The idea of picking out strands has a mathematical parallel: if our ideas are expressed mathematically, strands correspond to variables and observations to simultaneous equations.

I italicised the above phrase ‘whose effects will be cumulative’, since one must beware of mixing preferred hypotheses with method, which seemed to me a fault in the approaches of both Marxists and anti-Marxists in my limited understanding of dialectical materialism.  But in fact for statisticians at least, it is a much stronger assumption – though often made – that random effects are not cumulative and in fact independent.  Furthermore cumulative random effects are likely to seriously obscure the underlying trends, social and indeed otherwise.

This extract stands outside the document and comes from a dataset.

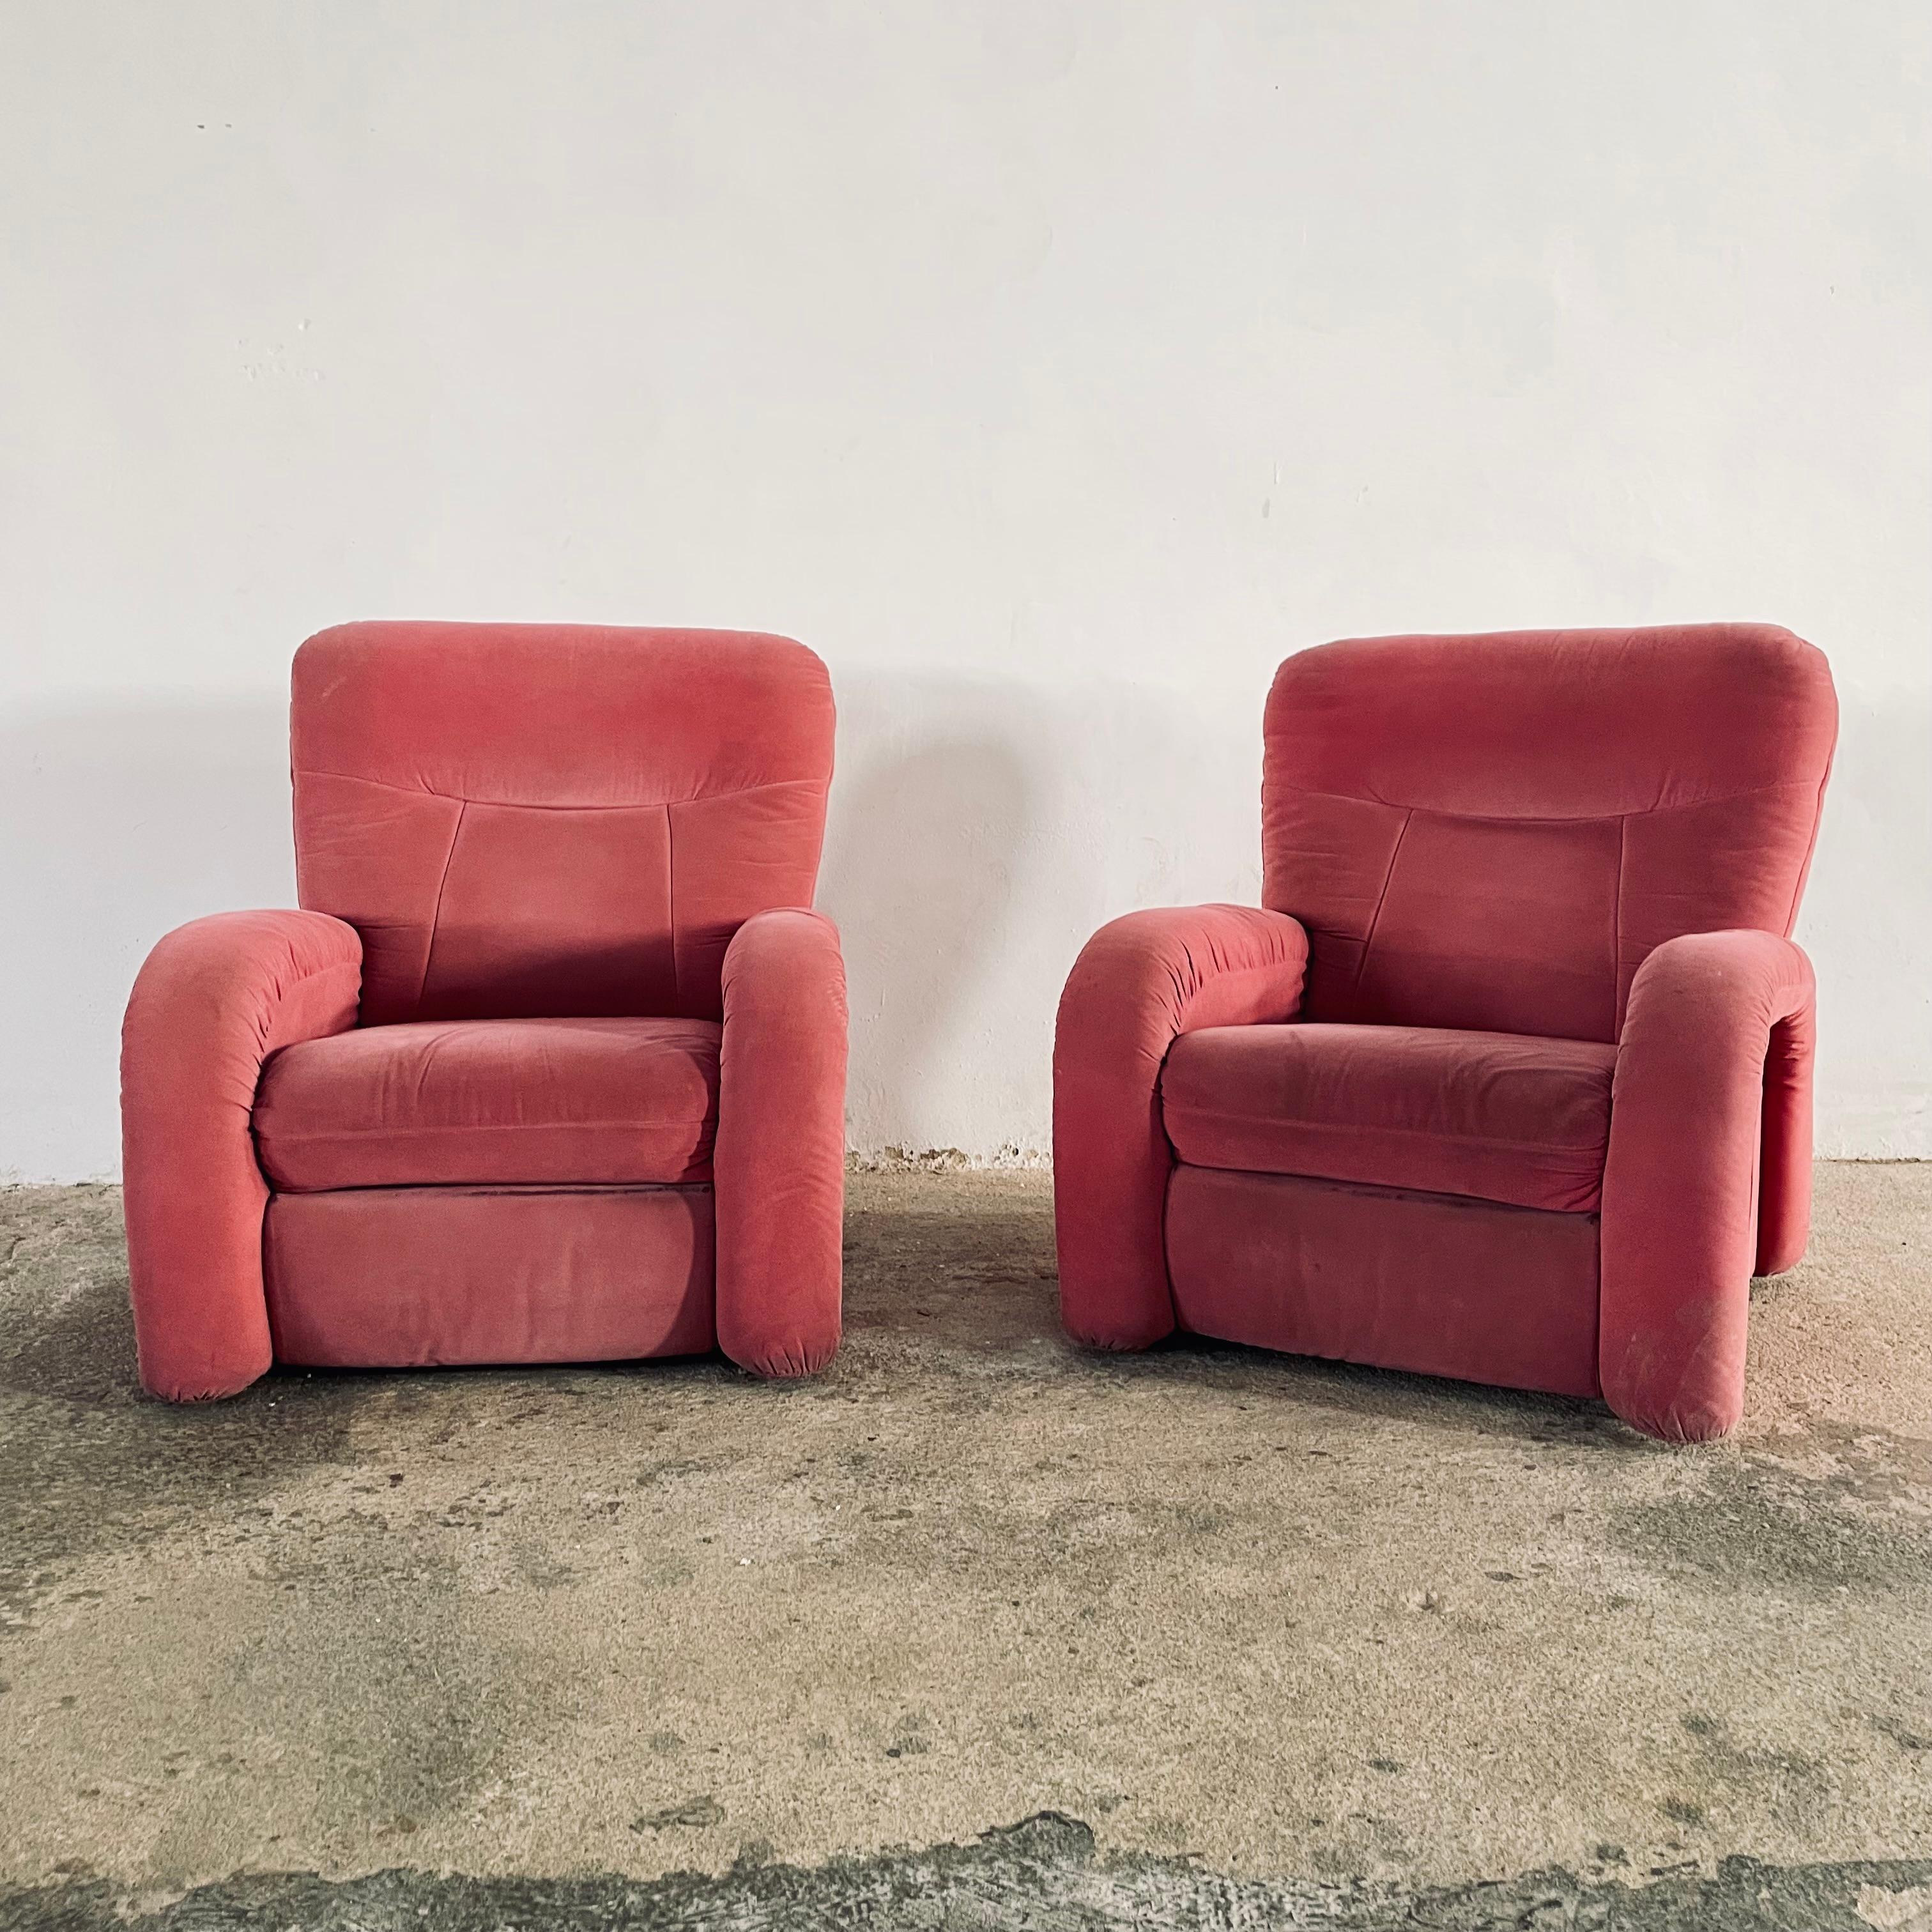 Magnifiques chaises de salon italiennes de style Art Déco en état d'origine, revêtement en velours rétro et piétement en métal, conçues en Italie dans les années 1950, 1 des 2 chaises disponibles, prix à l'unité.
Ces articles vintage restent

I have in fact extended this dialectic scheme, and let us turn to item (iv), the idea that in any set of policies, especially economic, there must be as many tools as there are objectives.  This point, which has a mathematical basis, came to me from New Zealand economist the Wolfgang Rosenberg, who was active in New Zealand opposing the neo-liberal policies of the Labour Finance minister Roger Douglas in the ‘Eighties.  In addition, to look at item (iii), I have already introduced the idea in my introduction that in a set of ethical values, there must be at least one axiom for each type of relationship.  In formal logic we need axioms for one proposition, for two propositions and for three propositions, though we do not need any for four or more since a combination of the above will suffice.